Mein persönlicher Rat: Starte mit wenigen Sorten, plane nicht gegen deinen Alltag und überprüfe jede Kalenderidee kurz mit den Bedingungen vor deiner Haustür. Dann kann Mein Gemüsebeet genau das leisten, was ein guter Einstieg leisten sollte: Es nimmt die Unsicherheit aus den ersten Entscheidungen, ohne dir vorzutäuschen, dass Gartenarbeit vollständig automatisch funktioniert.
Vorteile
- Übersichtliche Planung für Gemüsebeete und Anbauflächen
- Hilft bei der Auswahl passender Pflanzen für die Saison
- Praktische Informationen direkt auf dem Smartphone verfügbar
- Geeignet für Einsteiger und Hobbygärtner
- Unterstützt eine strukturierte Gartenplanung ohne viel Papier
Nachteile
- Nicht alle Pflanzen und Sorten werden möglicherweise abgedeckt
- Für große oder sehr individuelle Gärten teils zu eingeschränkt
- Einige Funktionen können eine Internetverbindung erfordern
- Pflegehinweise ersetzen keine standortbezogene Gartenberatung
- Die Bedienung kann anfangs etwas Einarbeitung benötigen
Häufig gestellte Fragen
Was ist „Mein Gemüsebeet mit GRACAMA“ und für wen eignet sich die App?
„Mein Gemüsebeet mit GRACAMA“ ist eine digitale Hilfe für die Planung und Pflege eines Gemüsebeets. Die Anwendung richtet sich an Anfänger, Hobbygärtner und Nutzer, die ihre Aussaat, Pflanzabstände und Gartenarbeiten besser organisieren möchten. Besonders praktisch ist sie für alle, die saisonale Aufgaben nicht vergessen und den Überblick über verschiedene Gemüsesorten behalten wollen. Vor dem Download sollte man prüfen, ob die angebotenen Funktionen zum eigenen Garten und Erfahrungsstand passen.

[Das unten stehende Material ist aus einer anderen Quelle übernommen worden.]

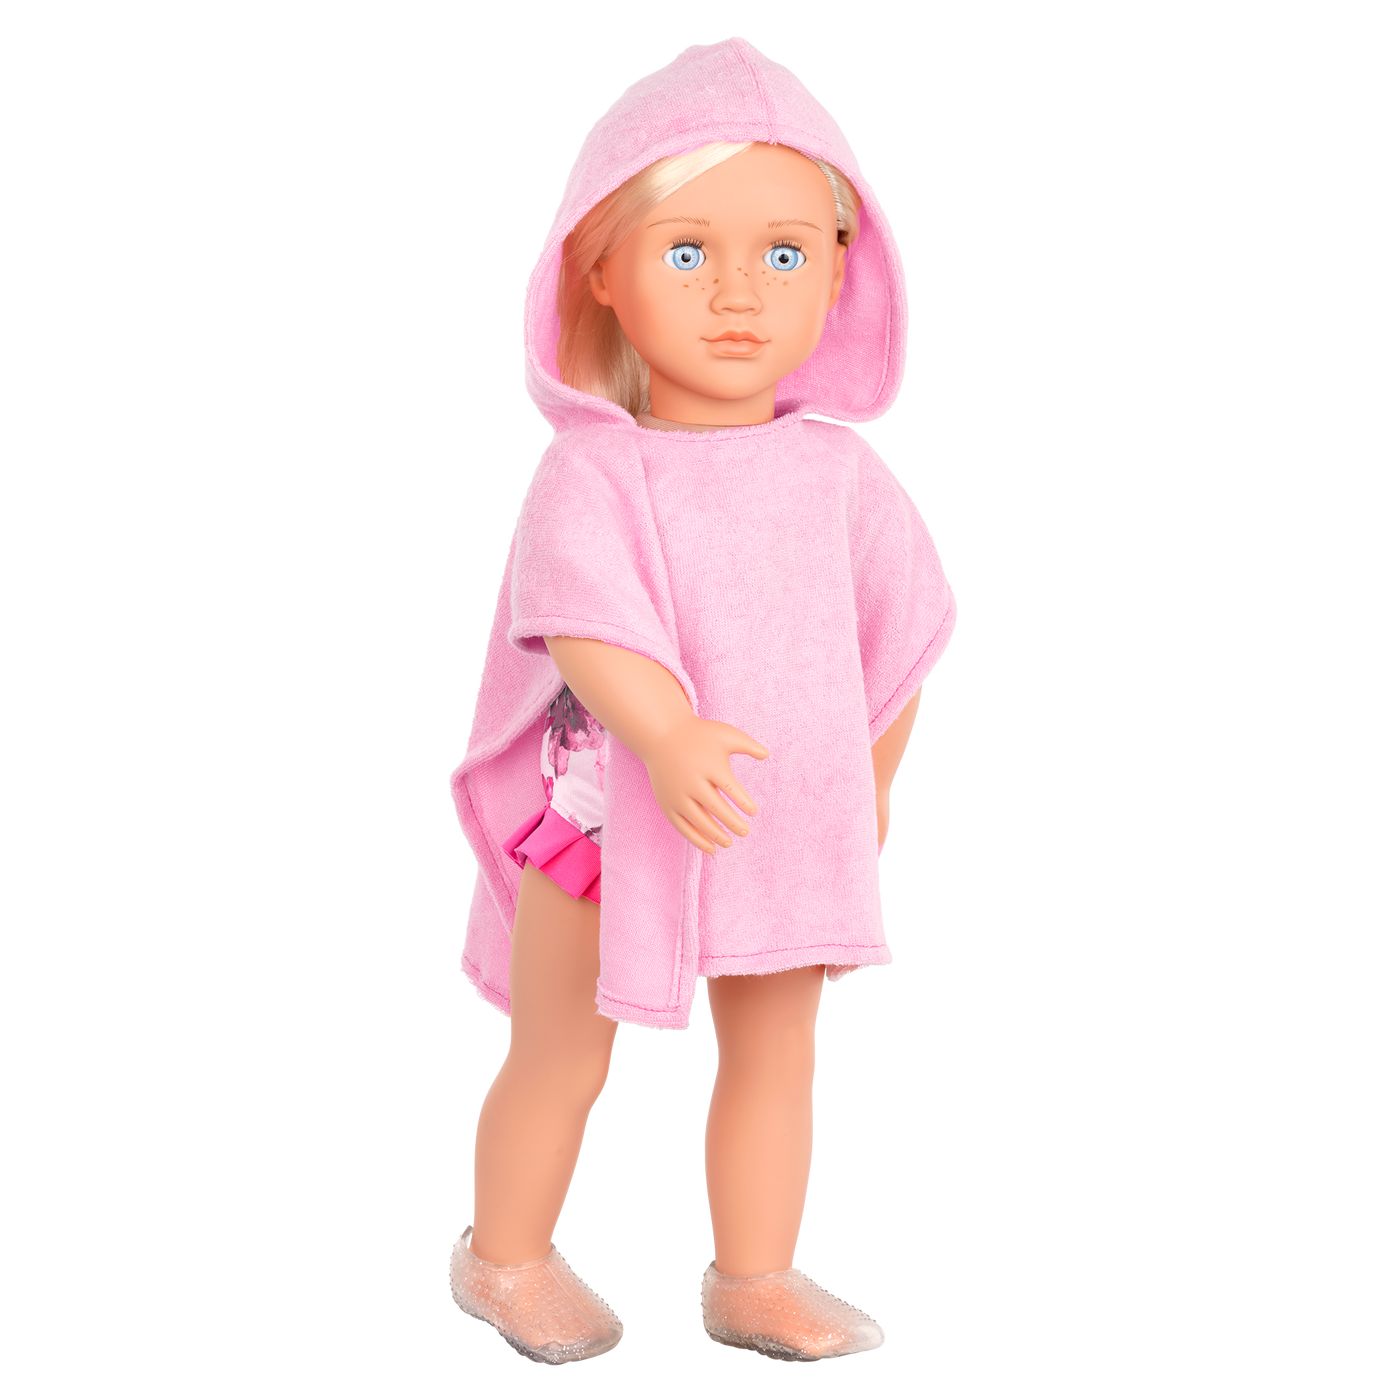 Seaside Blossom Swimsuit Outfit Hooded Towel for 18-inch Dolls
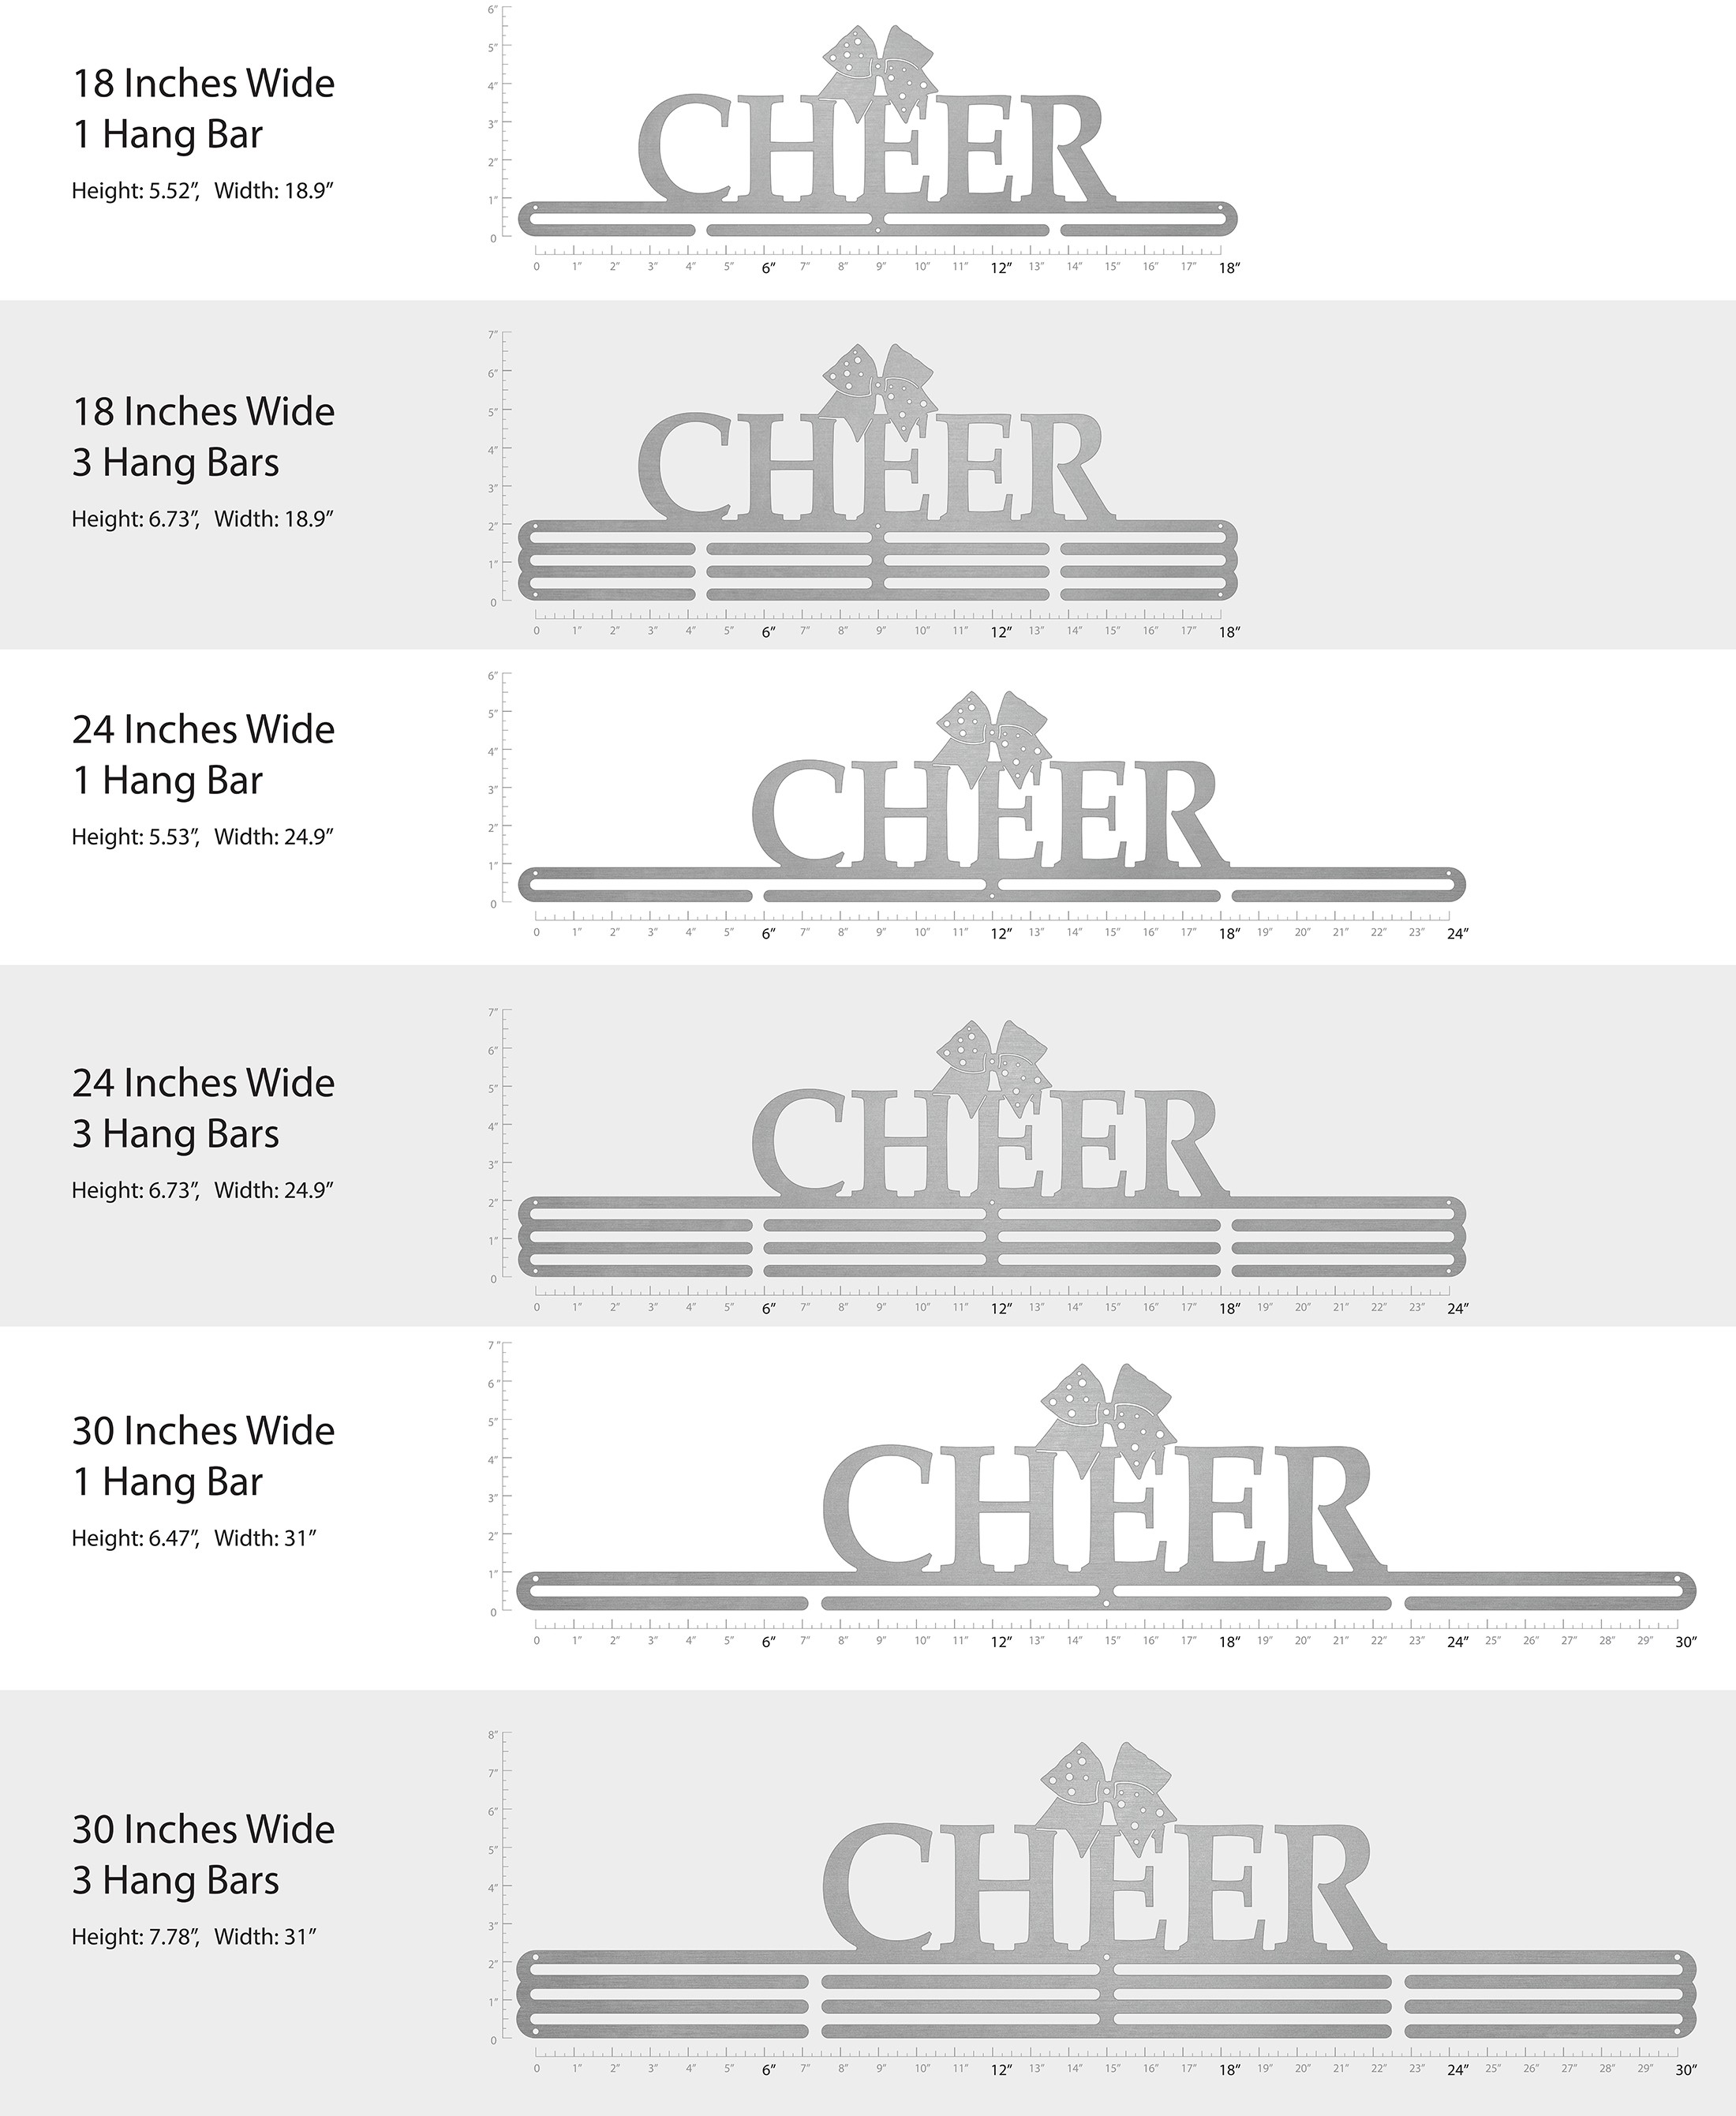 Cheer! - With Bow

Welche Funktionen bietet „Mein Gemüsebeet mit GRACAMA“ bei der Beetplanung?
Die App unterstützt dabei, ein Gemüsebeet strukturierter zu planen und verschiedene Kulturen sinnvoll zu berücksichtigen. Je nach verwendeter Version können Informationen zu Aussaat, Pflanzung, Pflege und Ernte enthalten sein. Dadurch lässt sich leichter einschätzen, wann bestimmte Gemüsesorten an den richtigen Platz kommen. Die Anwendung ersetzt jedoch keine individuelle Gartenberatung, da Bodenqualität, Wetter, Standort, regionale Bedingungen und persönliche Anbaumethoden das Ergebnis ebenfalls beeinflussen.
Benötigt man für die Nutzung von „Mein Gemüsebeet mit GRACAMA“ ein Benutzerkonto oder eine Internetverbindung?
Ob eine Registrierung erforderlich ist und welche Funktionen offline verfügbar sind, hängt von der aktuellen App-Version und der technischen Umsetzung ab. Grundlegende Inhalte können möglicherweise direkt nach der Installation genutzt werden, während Aktualisierungen oder bestimmte Zusatzfunktionen eine Internetverbindung benötigen können. Wer die App im Garten verwenden möchte, sollte deshalb vorab prüfen, ob alle wichtigen Informationen auch ohne stabiles WLAN oder mobiles Netz zugänglich bleiben.
Ist „Mein Gemüsebeet mit GRACAMA“ kostenlos oder entstehen zusätzliche Kosten?
Vor dem Herunterladen sollte man die Angaben im jeweiligen Google-Play-Store oder App-Store genau lesen. Die App kann kostenlos angeboten werden, dennoch sind je nach Version Werbung, optionale Käufe oder kostenpflichtige Zusatzinhalte möglich. Auch Änderungen am Preismodell können später auftreten. Besonders wichtig ist, die Beschreibung, In-App-Käufe und gegebenenfalls die Datenschutz- sowie Abo-Hinweise zu prüfen, bevor man persönliche Zahlungsdaten hinterlegt.
Welche persönlichen Daten verarbeitet „Mein Gemüsebeet mit GRACAMA“?
Die Verarbeitung persönlicher Daten kann je nach Plattform, App-Version und aktivierten Funktionen unterschiedlich ausfallen. Vor der Installation empfiehlt es sich, die Datenschutzerklärung des Entwicklers zu lesen und auf Berechtigungen für Standort, Benachrichtigungen, Speicher oder Netzwerkzugriff zu achten. Nicht jede Berechtigung ist automatisch problematisch, sie sollte aber zur Funktion der App passen. Wer möglichst datensparsam arbeiten möchte, kann unnötige Zugriffe in den Geräteeinstellungen deaktivieren.